Customers benefit from the convenience of a single monthly bill, consistently good value across all their utilities and exceptional levels of customer service. The Company does not advertise, relying instead on 'word of mouth' recommendation by existing satisfied customers in order to grow their market share.
Telecom plus is listed on the London Stock Exchange (Ticker: TEP LN). For further information please visit: www.telecomplus.co.uk.
Interim Management Report
We are pleased to report a period of substantial growth across all areas of our business.
Financial and Operating Review
Revenue for the first half of the financial year increased to £88.9m (2007: £71.1m), reflecting the increase in the size of our customer base and the number of services being provided to them, combined with the impact of higher retail energy prices. Pre-tax profits for the period rose by 55% to £9.8m (2007: £6.4m) and earnings per share increased to 10.8p (2007: 6.6p).

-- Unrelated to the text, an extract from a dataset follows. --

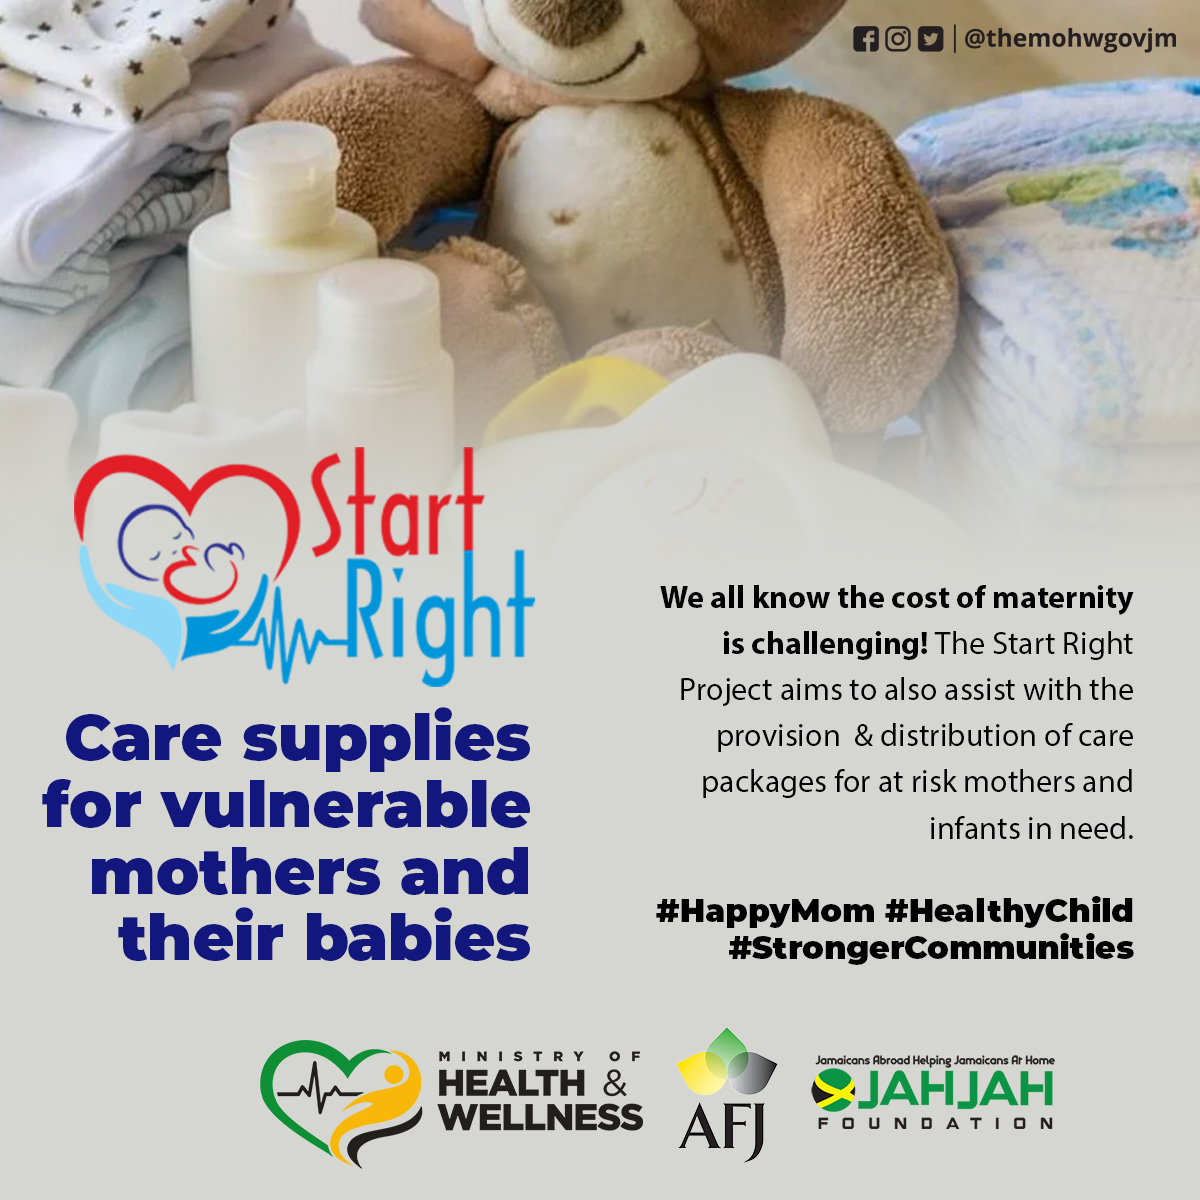 Team Interlinc Communications is proud to be associated with this crucial Maternal & Newborn Healthcare initiative of the Ministry of Health & Wellness, the JAH JAH Foundation and American Friends of Jamaica.

The higher gross profit for the period is a result of the more favourable wholesale prices we were able to achieve for a number of the services we supply. However, we do not expect these higher margins to be sustained, as we have made a conscious decision to improve our already strong competitive position still further by offering even more attractive pricing to our customers. This is evidenced by the timing of our new energy tariffs this Autumn, when we were the last major energy supplier to increase prices.
The economic climate continues to provide strong support for our position in the market as the sole integrated supplier of a wide range of essential utility services, combining the convenience of a single bill with substantial cost savings and exceptional customer service. We were extremely pleased to see these values recognised last month in a survey carried out by Which? magazine, when we were named as the UK's best energy provider. This follows on from our nomination as 'Best Broadband Supplier' at their 2008 Consumer Awards in the Spring and their recognition of us as the top rated major supplier of landline telephony services in October last year.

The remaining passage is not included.